[stylist] a better use for tongues
Chris Kuell
ckuell at comcast.net
Tue Aug 31 13:32:54 UTC 2010
Howdy, folks. I've been lurking for a while, and thought I'd post a 500 word
essay I wrote last year on the benefits of blindness. For personal reasons,
I wrote it under my pseudonym, Reid Fleming.
chris
The Ten Best Things About Being Blind
By Reid Fleming
I lost my eyesight ten years ago at the age of thirty-two. Along with my
vision, I lost my fiancée, and my wiener dog Sledge went to that eternal
farm when I was at my lowest. However, I'm happy to report there's a good
side to blindness as well. In fact, I can rattle off ten great things about
being blind easy as pie.
One. The first best thing about being blind is NLS books. You can get
thousands of books and magazines, on tape or in Braille, delivered to your
home, returned at your leisure-for free. Is America great, or what?
Two. At airports, blind people can board early if they like, and I say-why
not? You get a nice stewardess to show you to your seat before the crowds
come, and there's no worrying about having room in the overhead bin. Plus,
twice I've been bumped up to first class. Sweet.
Three. Related to travel is discount bus fares. I know, if we are ever to
receive full acceptance, we have to pay equally. But, I'm what some might
call frugal, and saving a buck makes me happy.

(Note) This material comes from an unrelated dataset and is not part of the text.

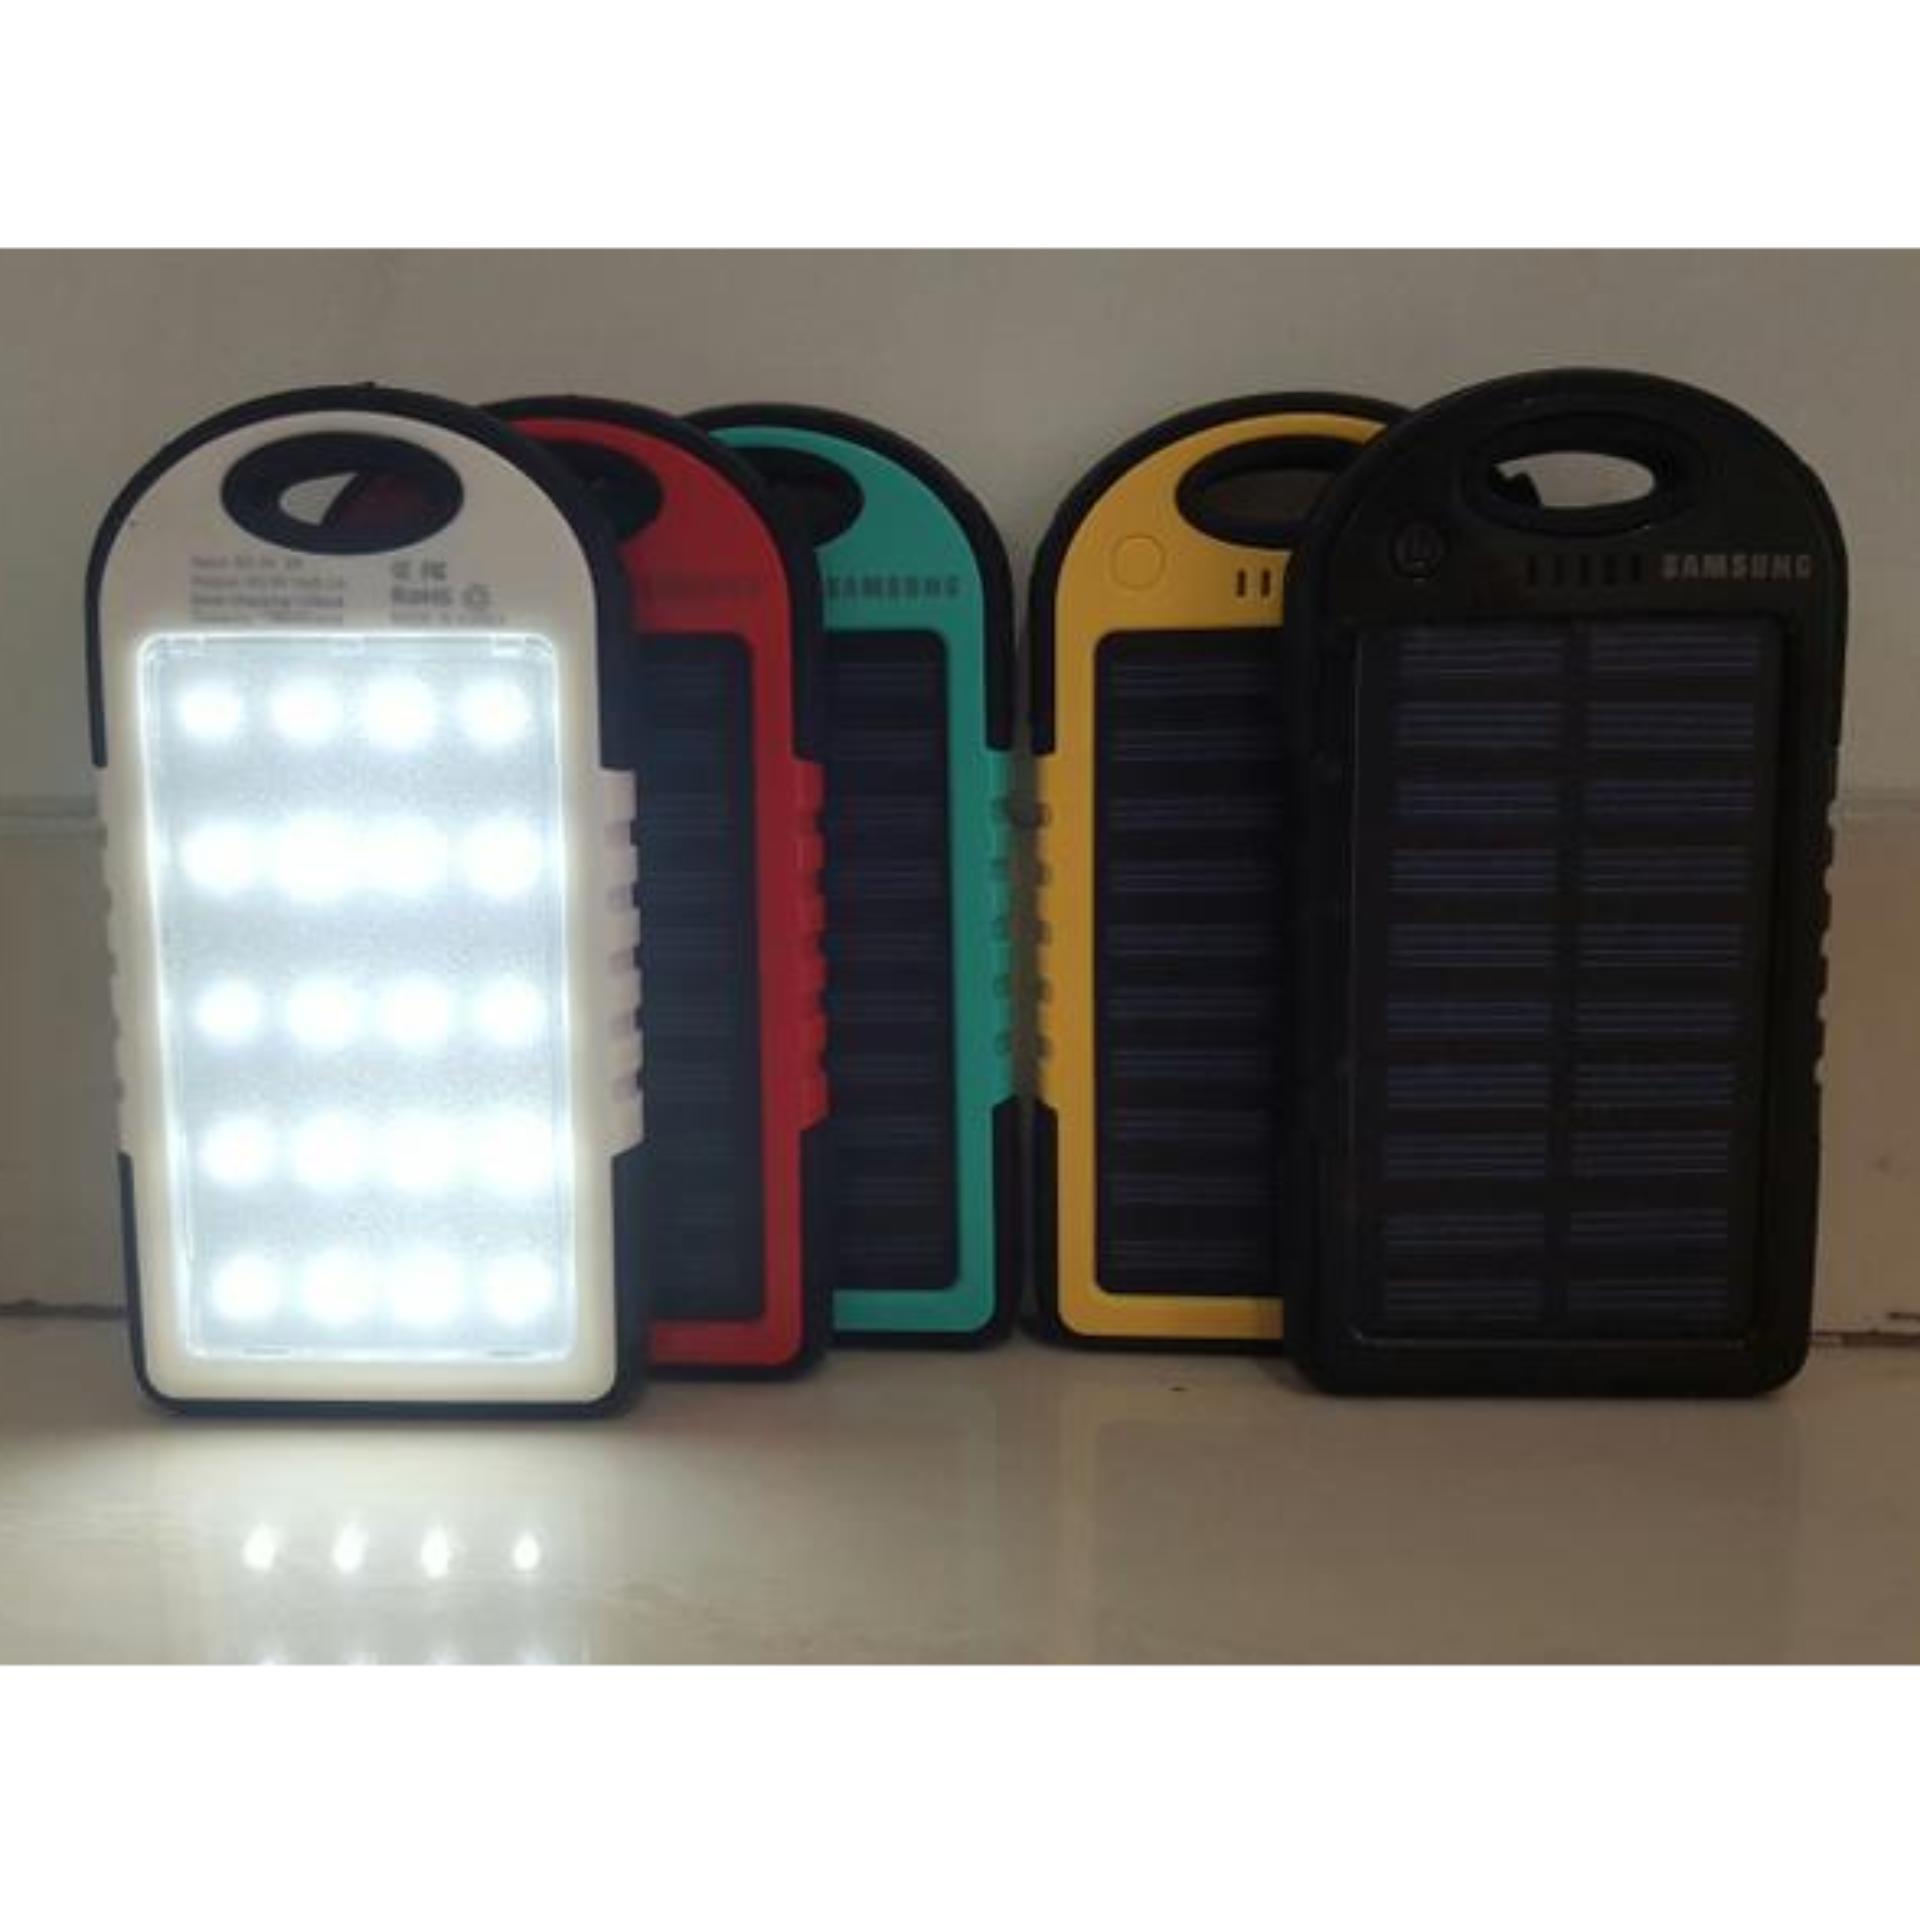 Powerbank Xiaomi 99000 Terbaru 99000mah Slim Stainless Solar 20 Led
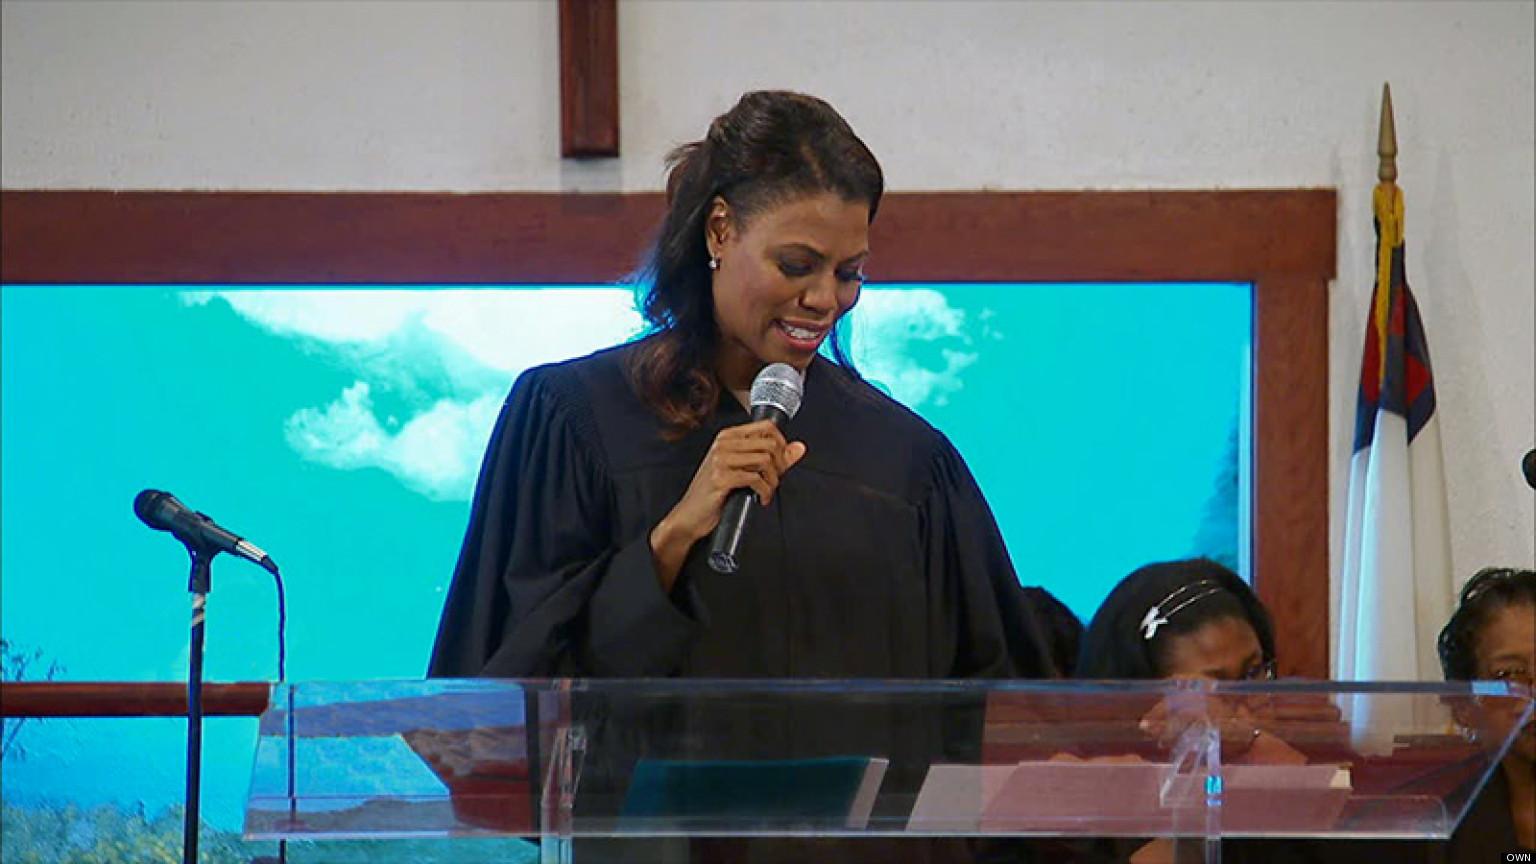 Black Pastors Preaching Clip Art - newhairstylesformen2014.com

Four. Using Braille is like being in a selective club where we use a secret
language. In other words, every kid's dream-come-true. I was at a meeting
one time, and this blowhard was blabbering on while I used my Braille Lite
to write-I wish this guy would just shut the hell up. Everybody probably
thought-Oh, look at how interested Reid is, taking notes-what a great
employee!
Five. Guide dogs are incredible animals, some of the best Dogs on the
planet-and we can have them almost for free. Think about it-these highly
trained helpers and companions and all you have to do is work, love, and
take care of them.
Six. Here's a fun thing. Next time you're at a party, pick someone out
that you want to meet, and have a friend describe them in detail. Make your
way over and join in on a conversation, and get to know the person a little.
Ask how tall they are, or how old they are, and then say you've developed a
mental picture of them, and describe them exactly. Freaks them out!
Seven. Blind people are not forced to look at all the ugliness in the world.
There's undocumented amounts of garbage and graffiti and dog poop and
suburban blight out there-and it's not pretty.
Eight. The flip side of that coin is that people all become better looking
than they really are. When I'm talking to someone, I never imagine they have
a boil on their neck, or really crooked teeth, or are having a really bad
hair day-even though they might.
Nine. There's an old cliché-out of sight, out of mind, and it's true. What
cobwebs? What dust? There's nothing wrong with that wallpaper!
Ten. The final reason I like being a blind guy is because I get to hang
around blind people. Before I went blind, the only other blind person I ever
met was my second-cousin Zebediah, and the court agreement says I can't
really talk about him. But I've met all kinds of blind people at NFB
conventions-artists and lawyers and BEP operators and computer programmers
and tattoo artists-and you realize there's nothing that can't be done. Just
work up your courage and figure it out.